The second half of the 20th century has not seen a comparable decline in transportation costs. Cars and rail have improved but the impact has been more cosmetic than transformative, although air travel has become increasingly cheaper.
In that environment, land effectively becomes fixed and combined with restrictions on land use -- and financial deregulation -- has created the perfect environment for a property boom. At first glance this hypothesis makes sense and certainly appears likely.
But we shouldn’t discount the effect on land use restrictions, which separate the likes of Australia and Canada -- with high restrictions -- from the likes of the US and Germany -- where housing supply is more flexible.
The authors also suggest that housing may simply be a superior good; by which I mean a good that households spend more on as they become more affluent. We shouldn’t discount the possibility, particularly given the capitalist model of the economy -- and the modern concept of economic growth -- has really only existed for a brief period of time.
Their assessment begs the question: what will cause land prices to fall or at least normalise to longer-term price-to-income multiples?
First, restrictions on bank lending via a more highly regulated banking sector. To some extent Basel III may already drive this shift but there has obviously been extensive discussion in Australia regarding the Murray Inquiry (Murray must address the moral hazard in housing, July 16) and whether the Reserve Bank of Australia and the Australian Prudential Regulation Authority will introduce macroprudential policies (Another RBA warning on housing, October 10).
Second, ease zoning and land-use restrictions to free up new land and use the land available more efficiently. There’s no good reason why this process takes years and really the only beneficiaries are property developers and state and local governments.
Third, remove measures which artificially increase demand. The first home owners grant, negative gearing and the capital gains exemption could all either be removed or wound back to remove economic distortions and ease the pressure on a relatively fixed housing supply.
Finally, transportation costs can be reduced. For example, this can be achieved via cheaper cars -- and fees associated with running and maintaining a vehicle -- and better public transport or even a scheme such as Uber.
An alternative approach to reducing transportation costs is simply for workplaces to reduce the need for travel full-stop. As information technology continues to improve and workplaces continue to adapt an increasing share of the population will likely work from home.
This, as with the creation of rail and motor vehicles, could potentially make a range of locations more economically viable and increase the supply of land for people to live in. Living in the city will no longer be as appealing.

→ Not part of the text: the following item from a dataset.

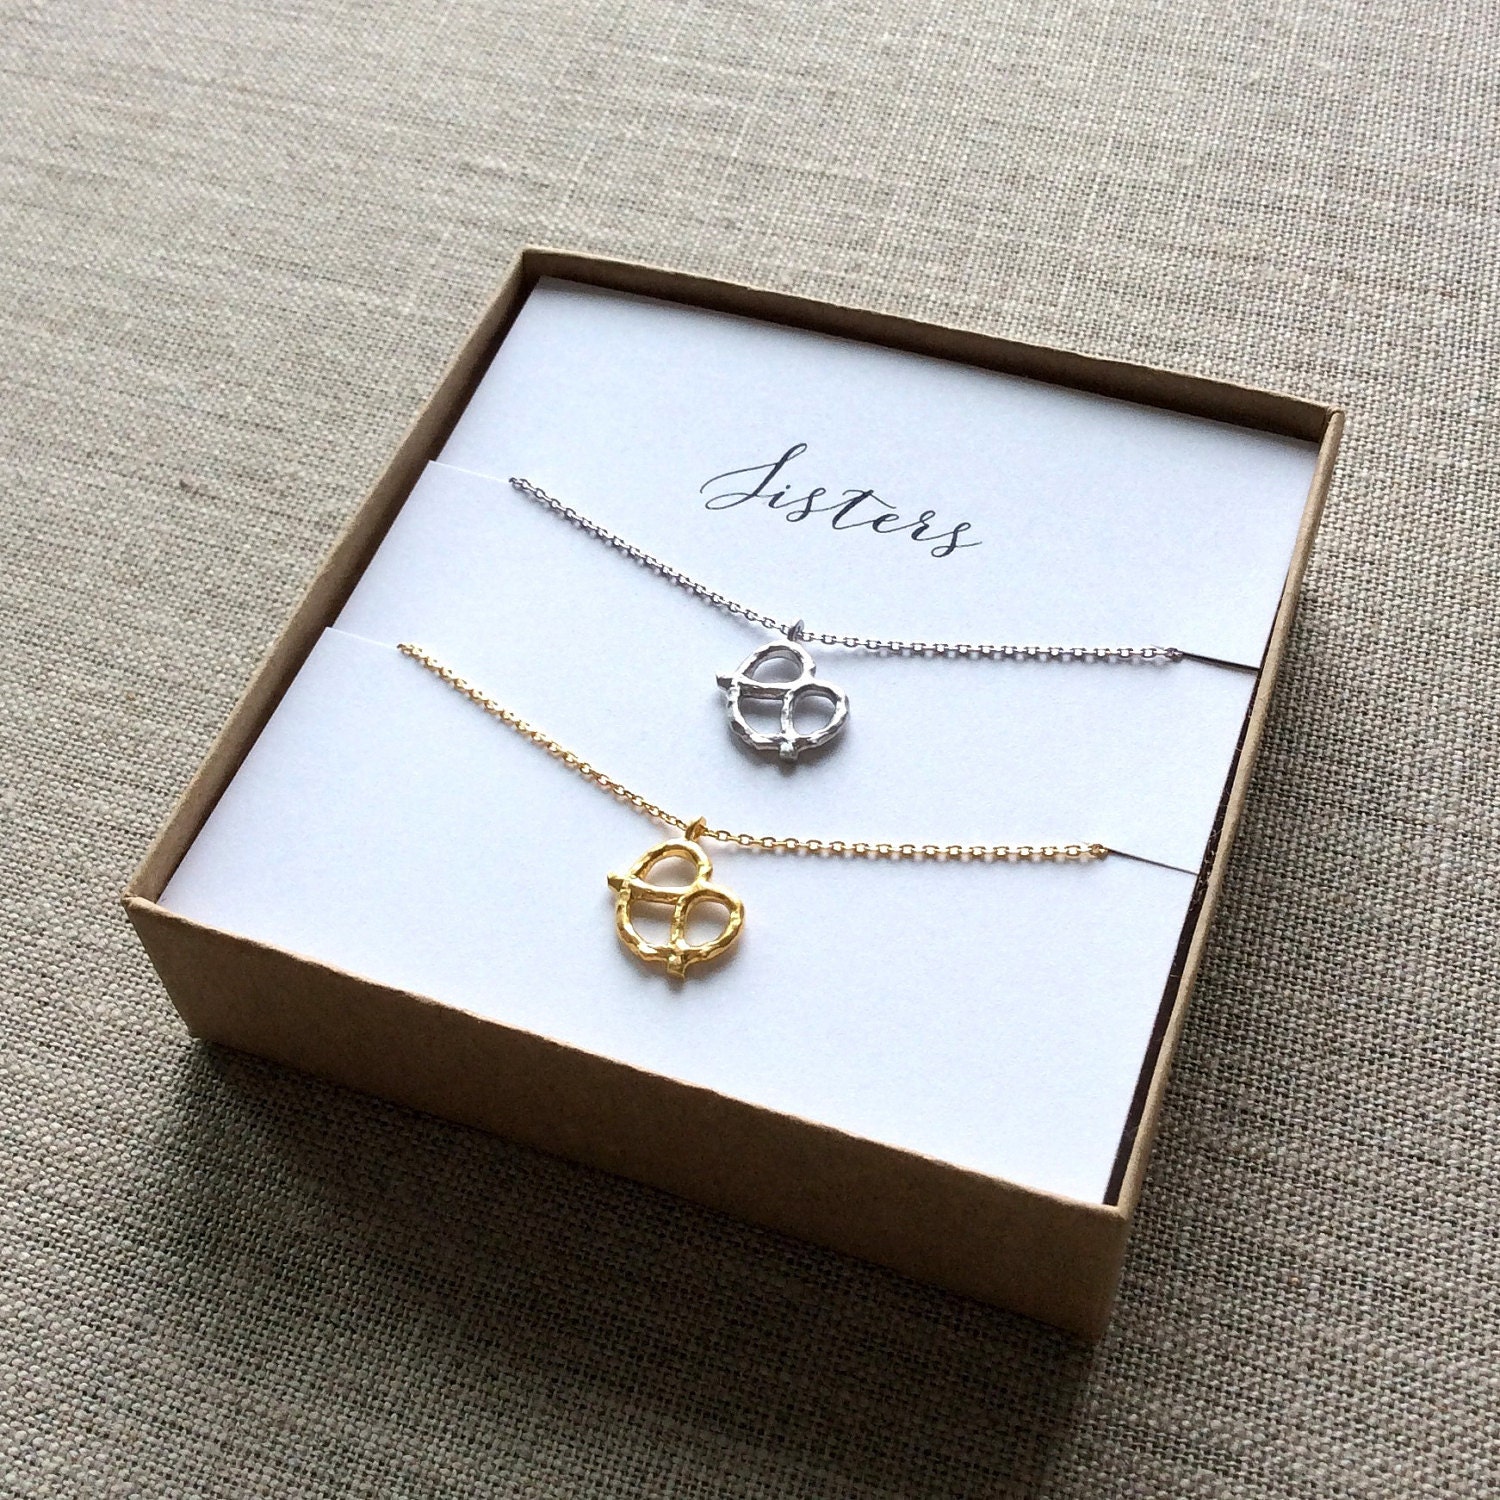 Twin Sisters Necklace, Matching necklaces, necklaces for sisters, pretzel charm necklace, Gifts for sisters, gifts for twins, sorority twins

Long-term property dynamics are interesting because the current situation operates so far outside those norms. Will we revert towards the mean? I have always had my doubts, although I’ve conceded that there is a considerable risk that the sector may underperform for a number of years.
Nevertheless, the cross-country comparison makes it clear that Australia isn’t unique -- although our property growth has been stronger than other comparable countries -- and the rapid rise in property and land prices has been a global affair.
But that isn’t a cause for complacency. High land prices remain a problem for the Australian economy; pricing out Australia’s youth, creating systemic risks for the financial system and potentially creating barriers to entry for Australian businesses. Land prices might be a global problem but they are a bigger problem here than they are almost anywhere else.